Встал тут Гордей, толпа замолчала, все остановилось — уважают нашего царя и любят.

— Вот сейчас он возьмет и скажет, — шепчу я, — мол, собирайтесь, ясны соколы, да на помощь красной девице, дочурке моей родненькой, кровиночке…

— Горе в царском тереме! — звучно молвит царь. — Украли дочурку мою ненаглядную, восемь лет невиденную!

Я прыснул. На меня покосились как на жестокосердного негодяя. Это что, только мне слова государя смешными показались?

— Пропала Ясногорушка прямо из терема, в эту ночь увели! Отвечай предо мной, честный люд, видали ли вы что странное этой ночью, слышали ли?

За время выдержанной паузы люд если что и видел-слышал, то не признался и отвечать не захотел.

— Добры молодцы! Кто найдет мою доченьку и домой вернет, награду получит!

— Хм, а царевну в невесты уже не обещает, — говорю я, — с тех пор, как Марфуша из дома убежала, а назад ее мельник местный привел…

— Награда — три сотни золотом! Надежда вы моя, удальцы русские!

— Как всегда, — фыркаю я.

— А кто Светояра, дружинника моего, богатыря, ко мне приведет, тому десять золотых пожалую!

Я икнул. От удивления. Лют посмеялся тихонечко.

— Вот и потребовался царю Светояр…

— Так может, пойдешь? — спрашивает Лют.

— Не пойду. А вот царевну доставать надо.

— Слушай, а почему ты вот как бродяга какой-то разгуливаешь, если царь за каждый подвиг всегда такие деньги обещает?

— Это он люду обещает, — отвечаю я наставительно. — А я и так ему служу.

— Сдалась тебе тогда эта Ясногора!

— Ну ты, Лют, даешь! Я же царю при всем прочем верен!.. — душевно так сказал, аж самого пробрало. И добавил:

— А казна трех сотен убытка не выдержит, это всяко. Тут уж действительно легче меня привести, чем Ясногорку отыскать.

— Ты прости, Яр, если обидел, — говорит вдруг Лют. — Просто узнать хотел, зачем ты Гордею служишь. Видать и вправду — за добро радеешь. Кощей вот любит себя злодеем первостепенным величать, правда, ржет при этом, что твоя коняга…

— И что, как-то по другому у тебя служба Кощею идет? — интересуюсь.

— То же, — тяжко вздыхает Лют, мне меня же напоминая.

А царь меж тем о горе своем закончил, к делам насущным перешел. Понимаю я царя. Сколько раз пропадали у него дочки — все одно, уведут, запрут и ждут выкупа злодеи. Обычно меня дожидались. Или Тверда, пока тот не женился.

— А теперь, народ мой, весть славная! — народ оживился. — Знают все, что две дочки у меня на выданье! Три, — поправился (верно, с непривычки), — если Ясногору приведут. Старшая, Дарьюшка, радость моя, скоро выходит замуж за правителя соседнего царства-государства, за Ивана-ду… царя славного да справного!

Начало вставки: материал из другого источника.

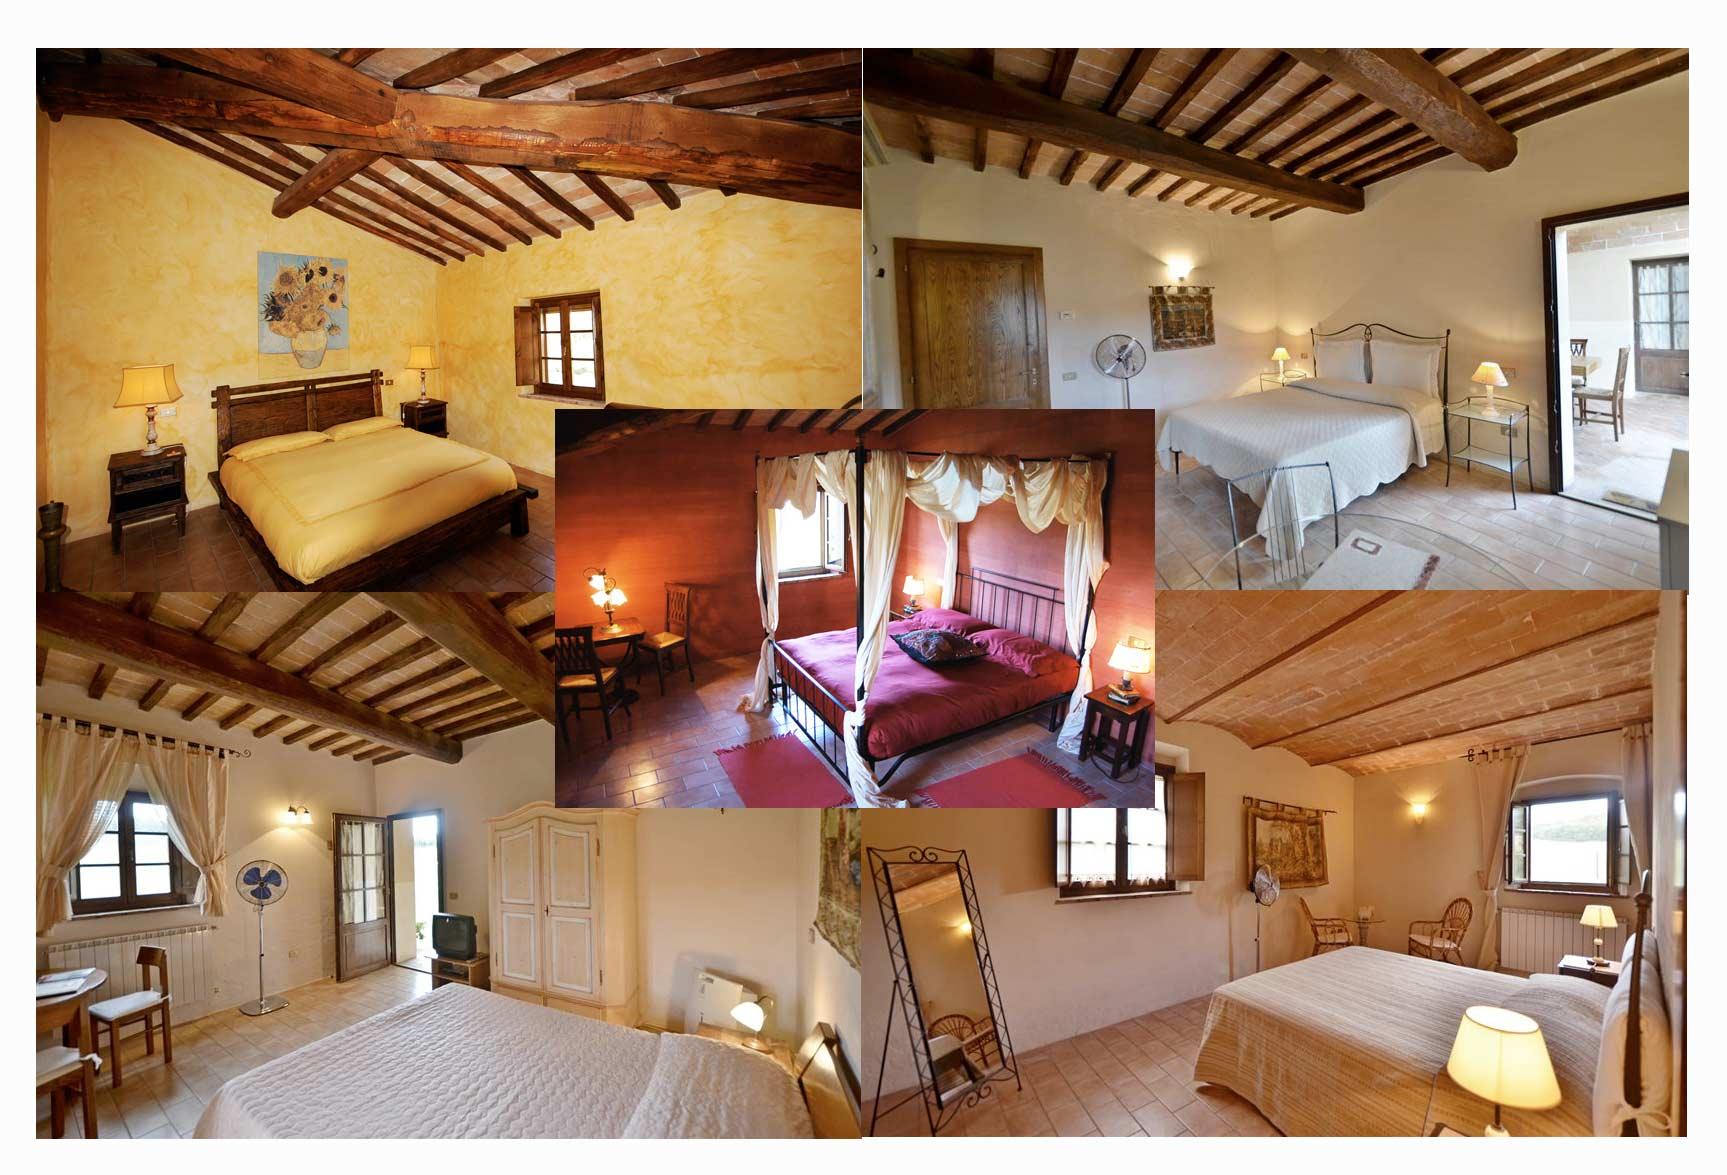 Casale in toscana con 5 camere da letto villa toscana blog for Planimetrie 5 camere da letto

Теперь уже не я один ладонью рот зажал. Вот уж где Дарьина смекалка да разумность не помешают! Как этот… Ванятка… до царева престола добрался, не ведаю. Правда, говорят, хороший малый, добрый…

— А завтра съедутся удальцы со всех сторон в Карочун! Покажут смелость, да доблесть, да отвагу, да силушку молодецкую! Если рода княжеского или боярского или купеческого или воинского — быть мужем Марье моей да Марфе лучшим из лучших…

Я уж ожидал, что добавит: "И о Ясногорке договоримся на будущее". Не сказал. Забыл, должно быть.

Идем обратно, к бабке, Лют себя странно ведет, все тревожится, сам не свой.

— Чтоб дочерей родных как на базаре выставляли, какими-то играми решали, за кем им всю жизнь мыкаться! — говорит, руками размахивает. — Да где ж такое видано?

— В любом царстве-государстве, где дочек больше двух, — осторожно отвечаю я.

— Неправильно это!

— Ишь ты как заговорил, Лютич! Утром вроде о таком не думал, тоже на царевен поглядеть хотелось… Лют! — осенило меня. — Лют, ну ты даешь!

— Замолчи! — рыкнул Лют, все догадки мои укрепив.